DESCRIPTION OF THE TASK: All of the listing is to be written out word for word, with the pictures left out.

INFORMATION SHOWN:

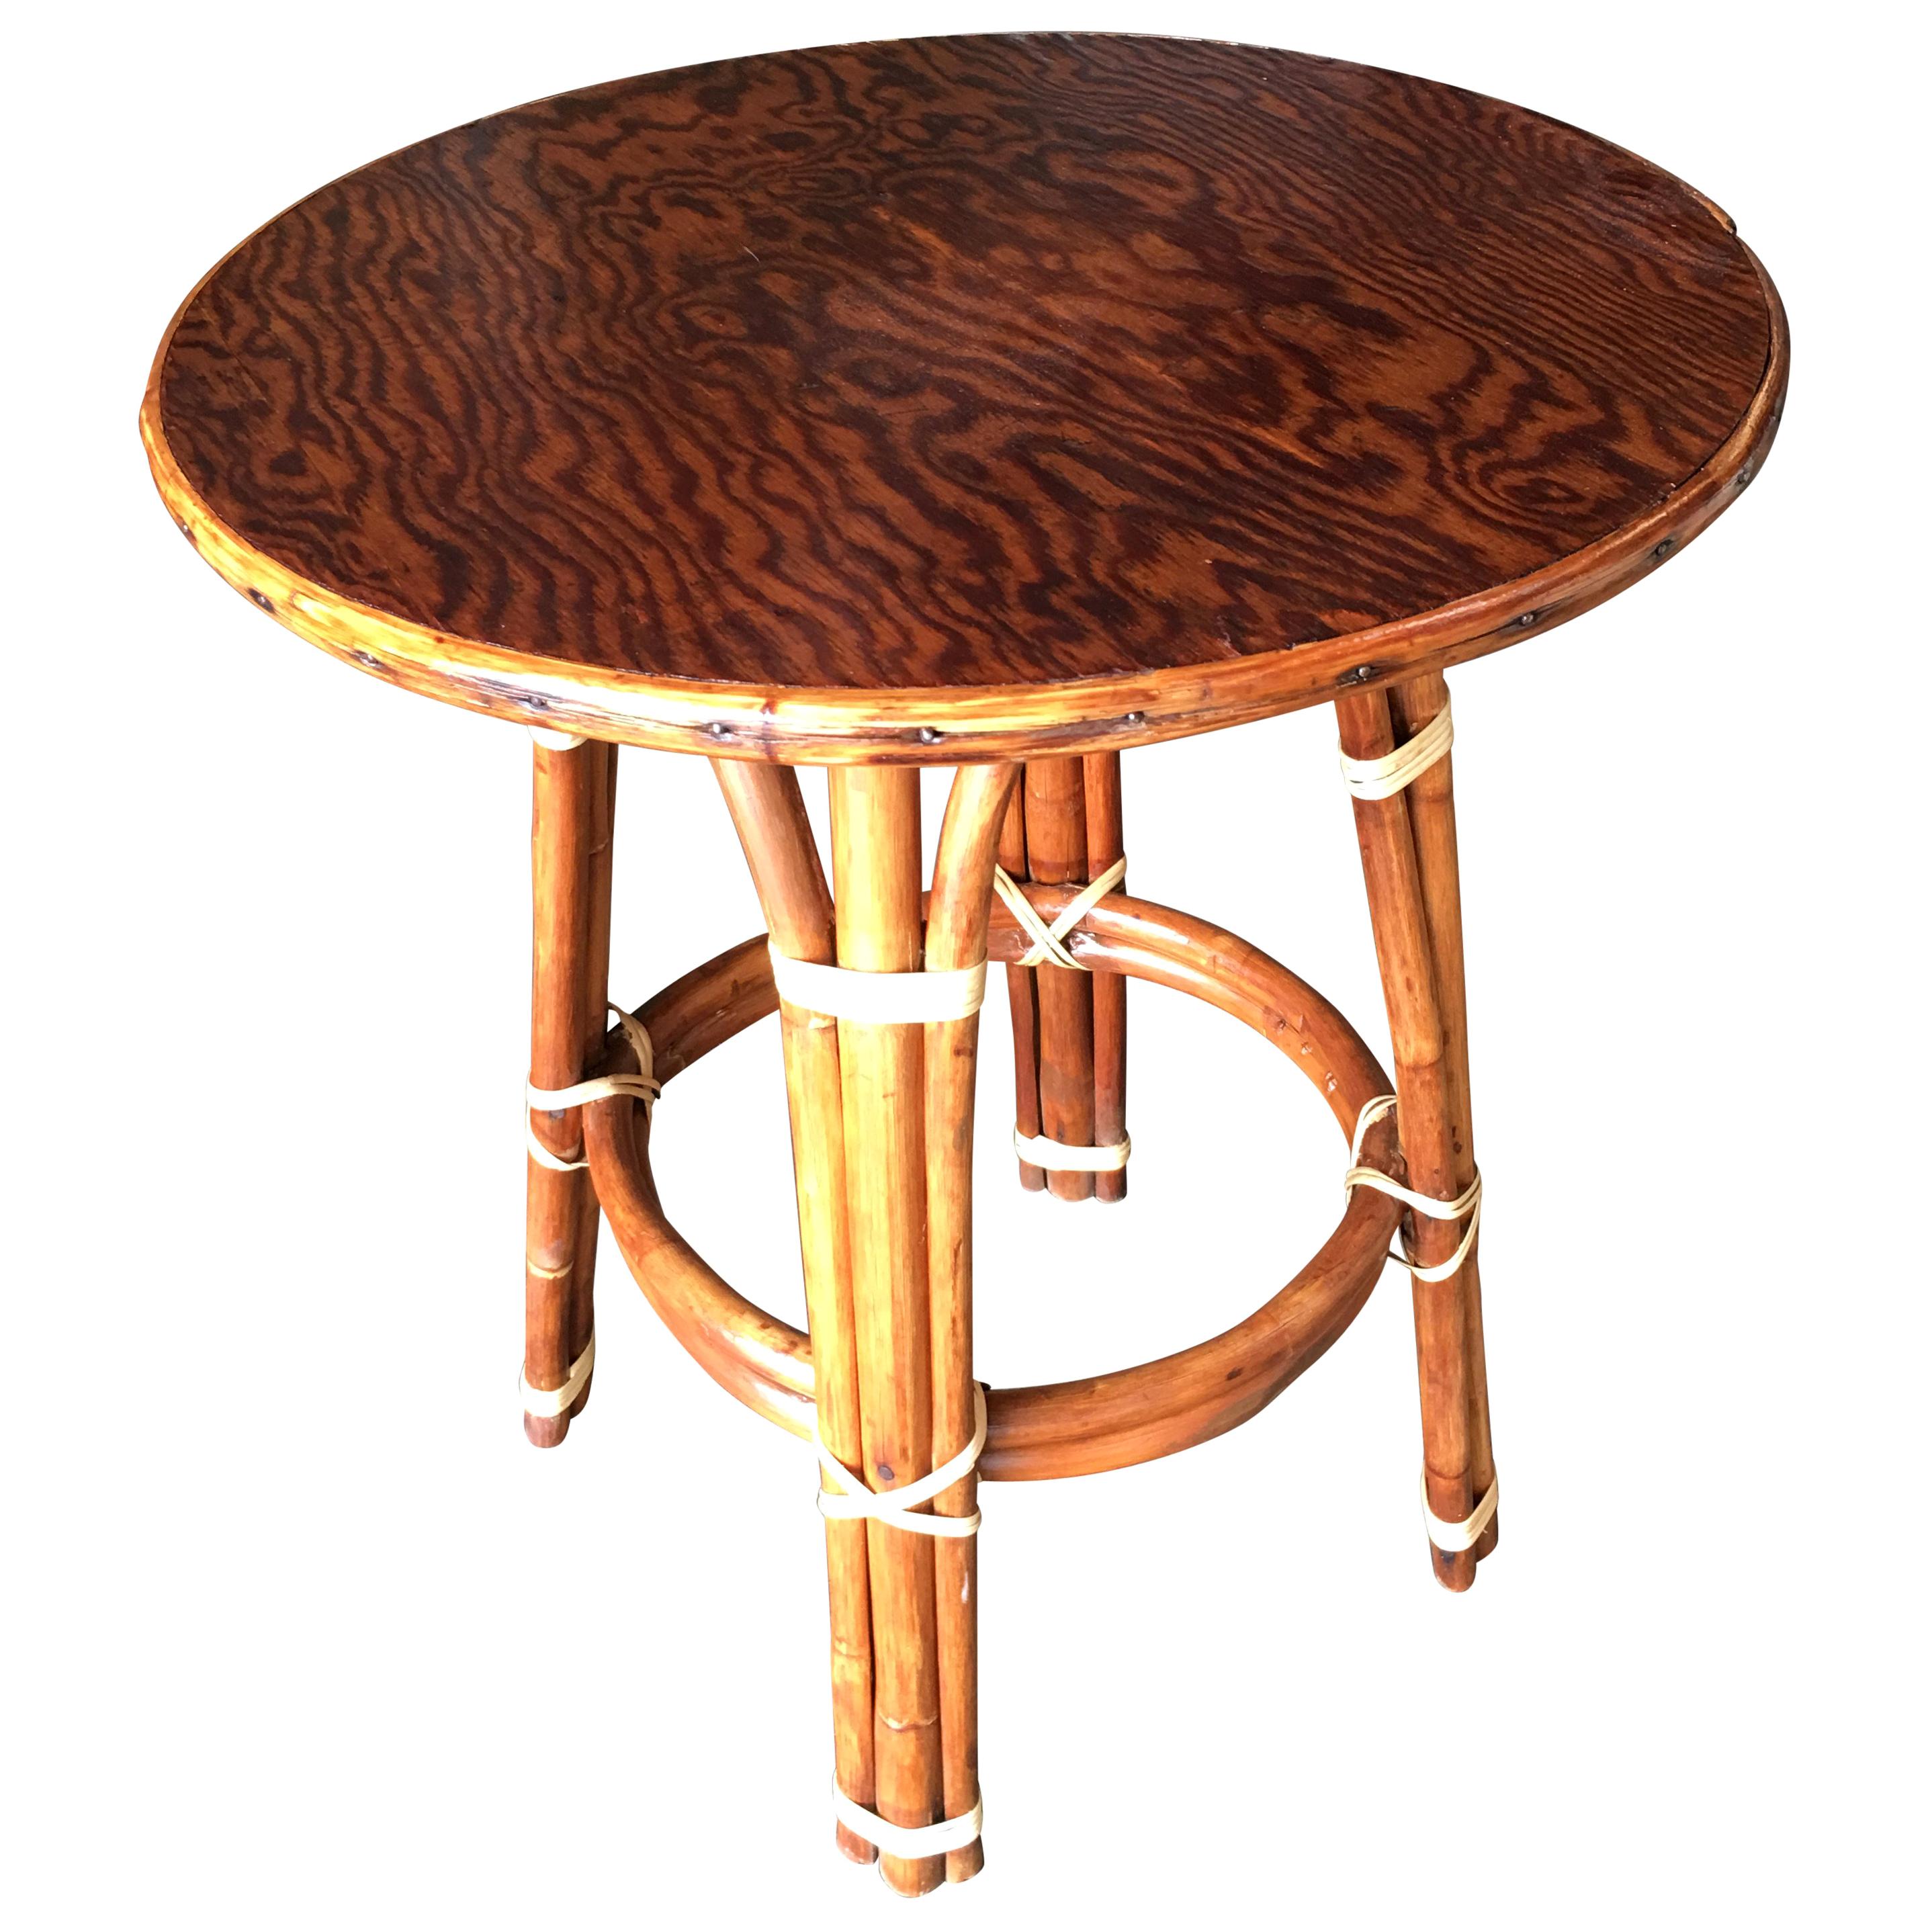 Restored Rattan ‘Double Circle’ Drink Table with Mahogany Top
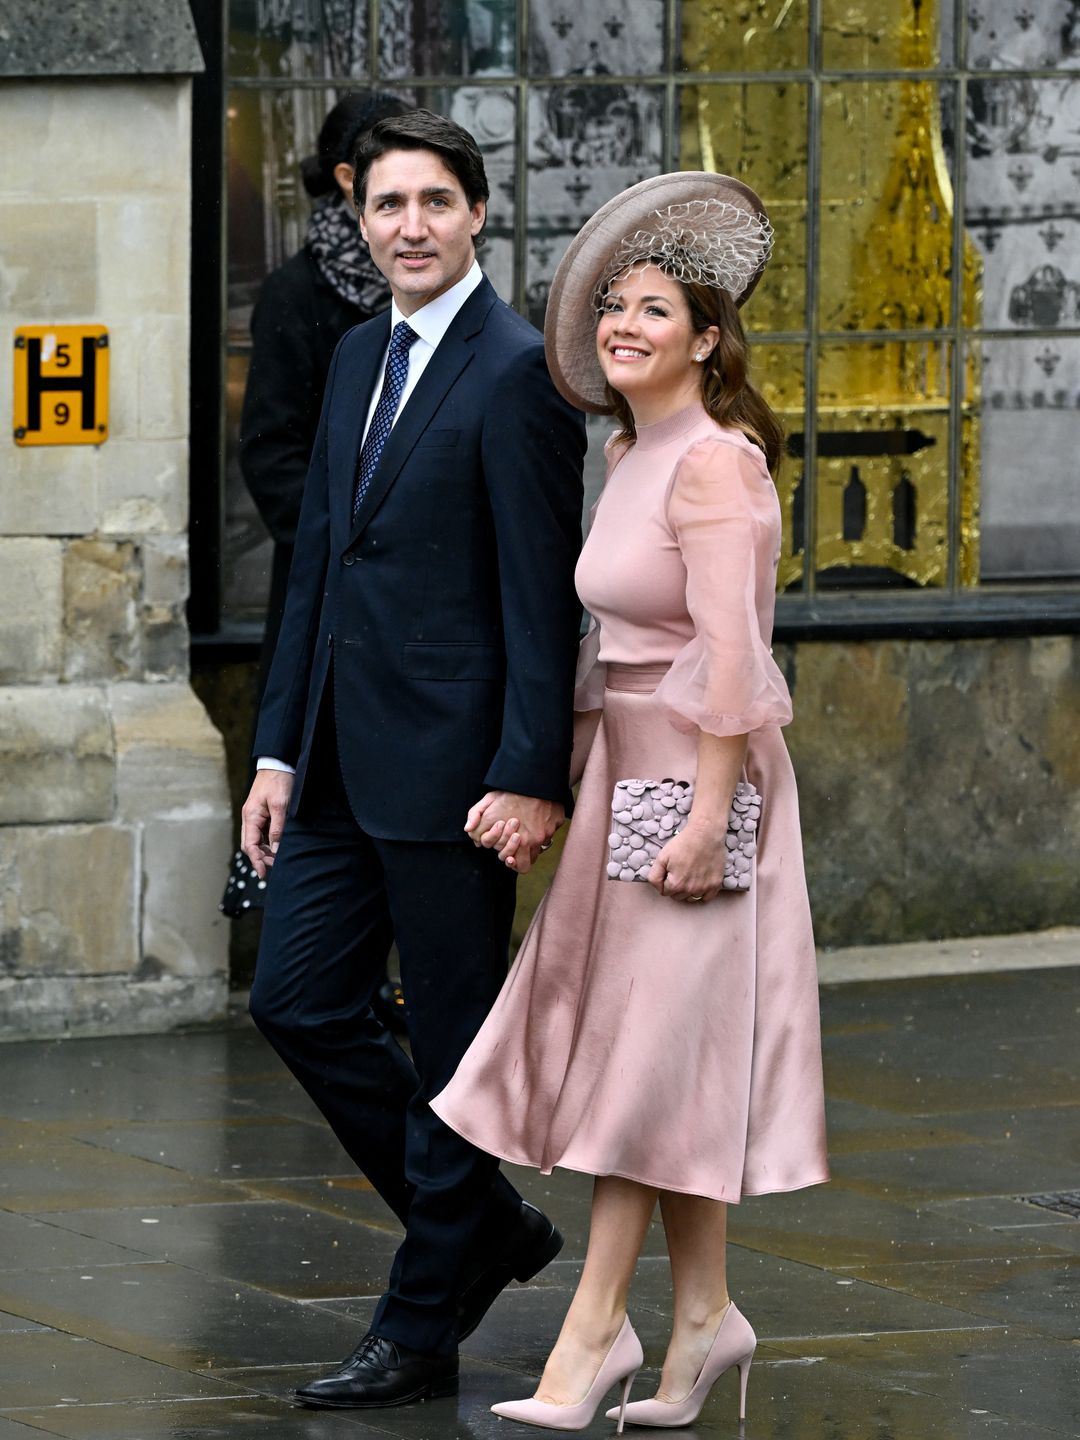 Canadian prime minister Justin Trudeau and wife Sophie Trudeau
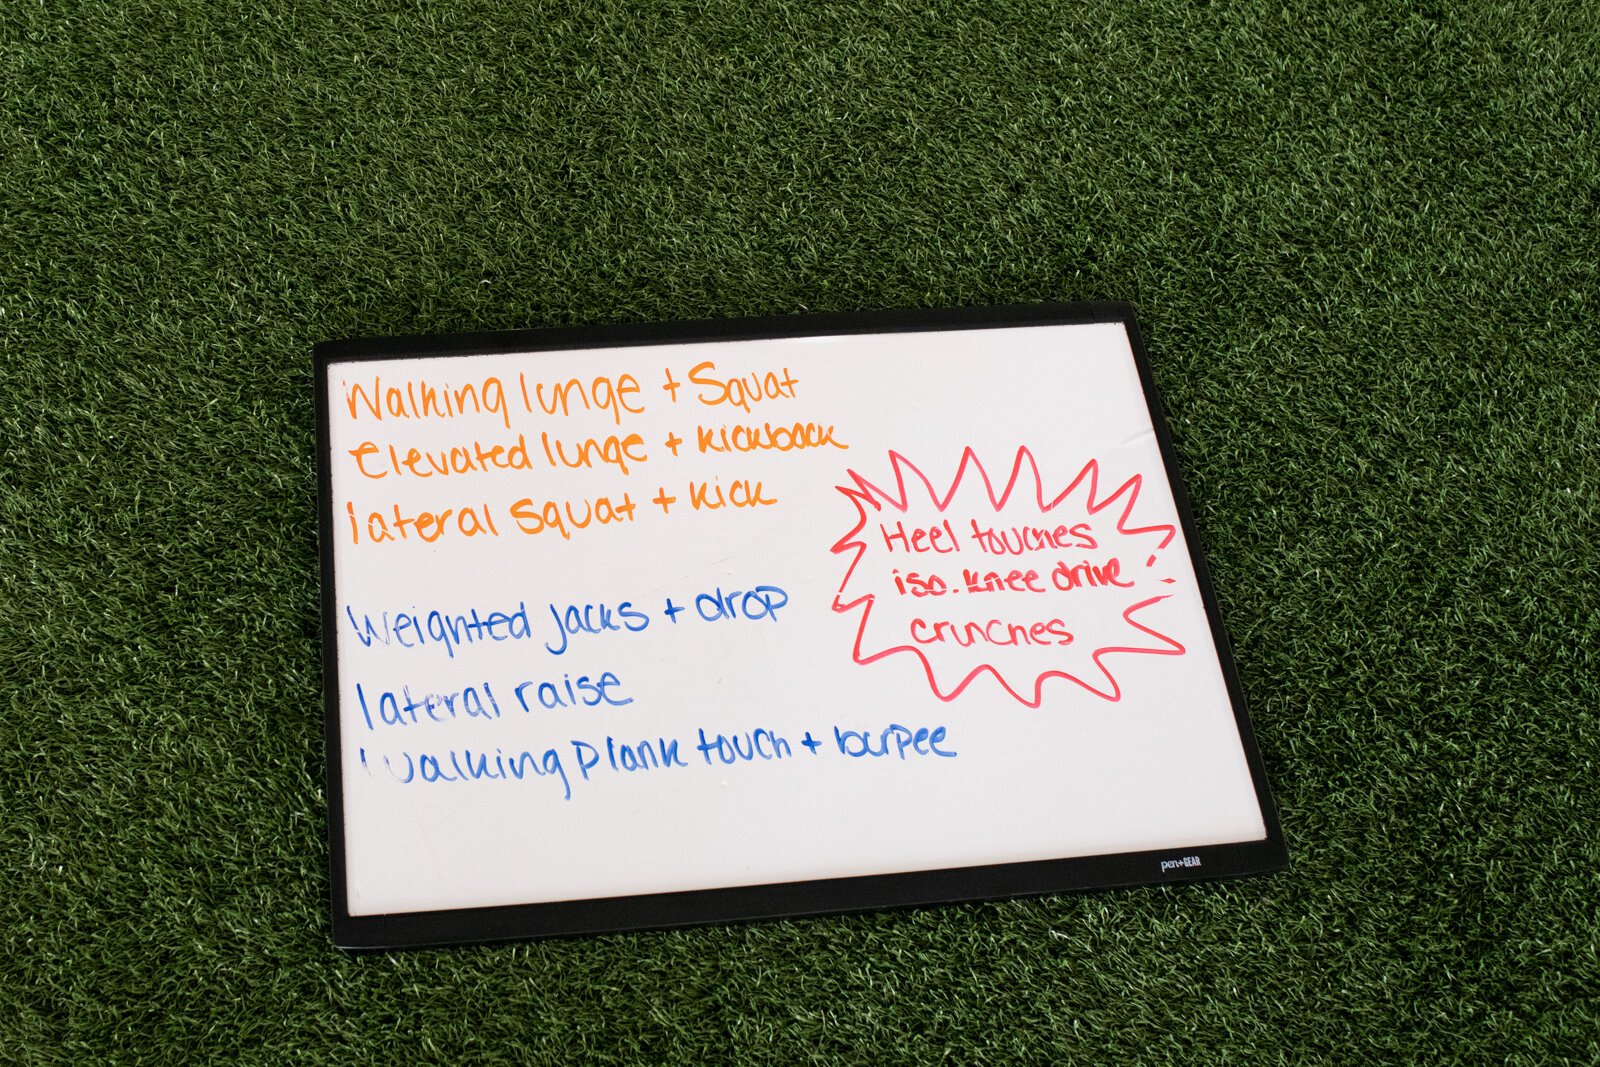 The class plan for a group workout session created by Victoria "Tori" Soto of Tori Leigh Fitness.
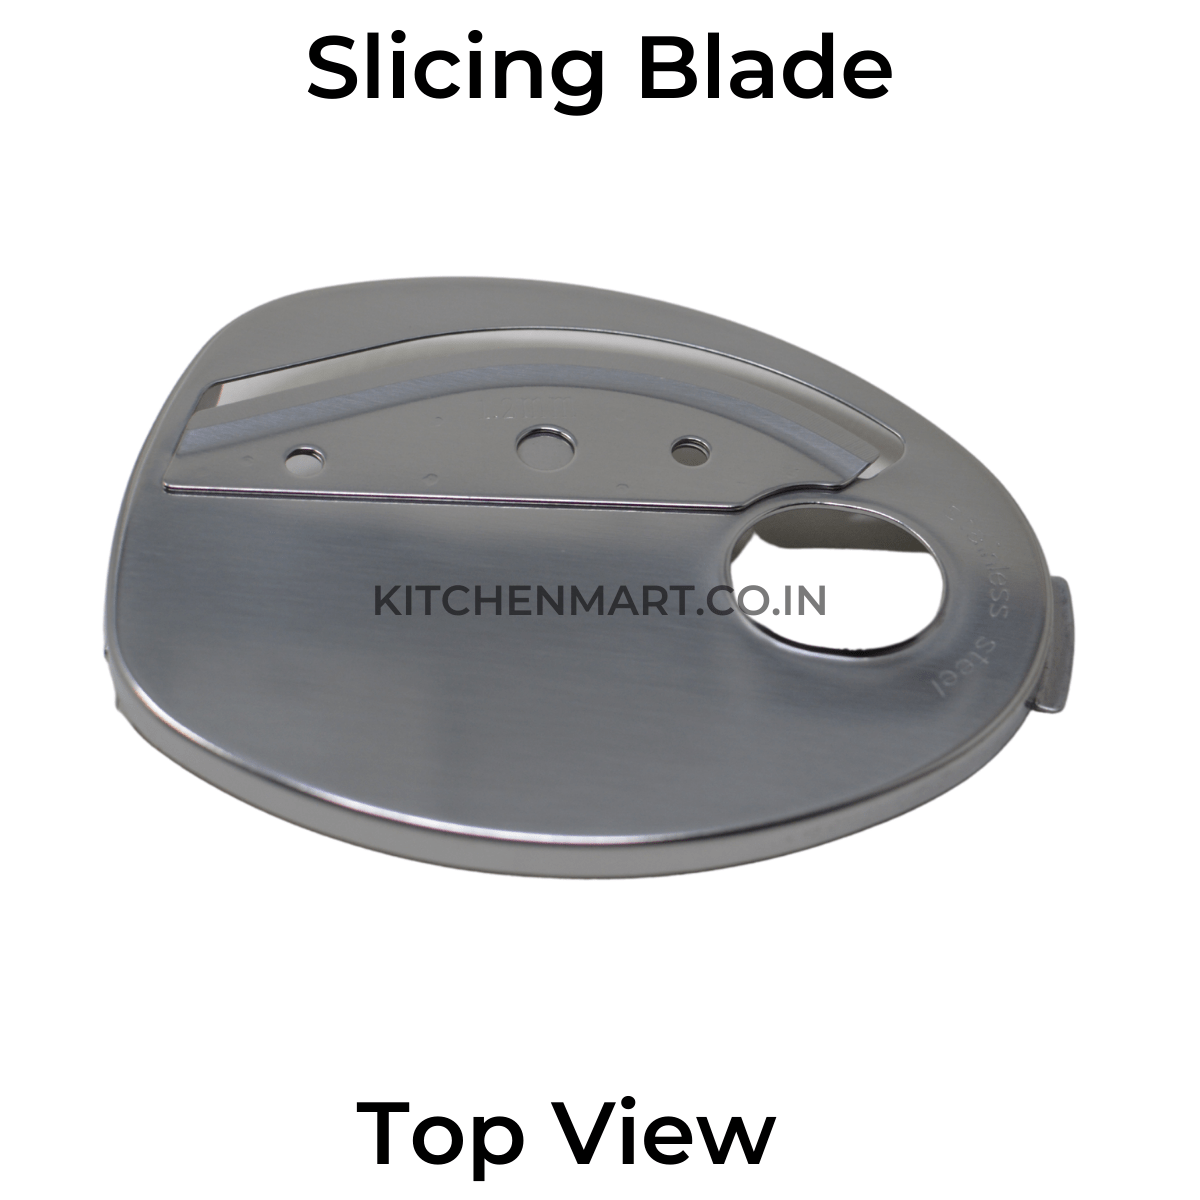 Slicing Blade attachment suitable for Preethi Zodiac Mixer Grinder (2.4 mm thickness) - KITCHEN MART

RESPONSE TO THIS EXERCISE:
 Restored Rattan ‘Double Circle’ Drink Table with Mahogany Top
 Canadian prime minister Justin Trudeau and wife Sophie Trudeau
 The class plan for a group workout session created by Victoria "Tori" Soto of Tori Leigh Fitness.
 Slicing Blade attachment suitable for Preethi Zodiac Mixer Grinder (2.4 mm thickness) - KITCHEN MART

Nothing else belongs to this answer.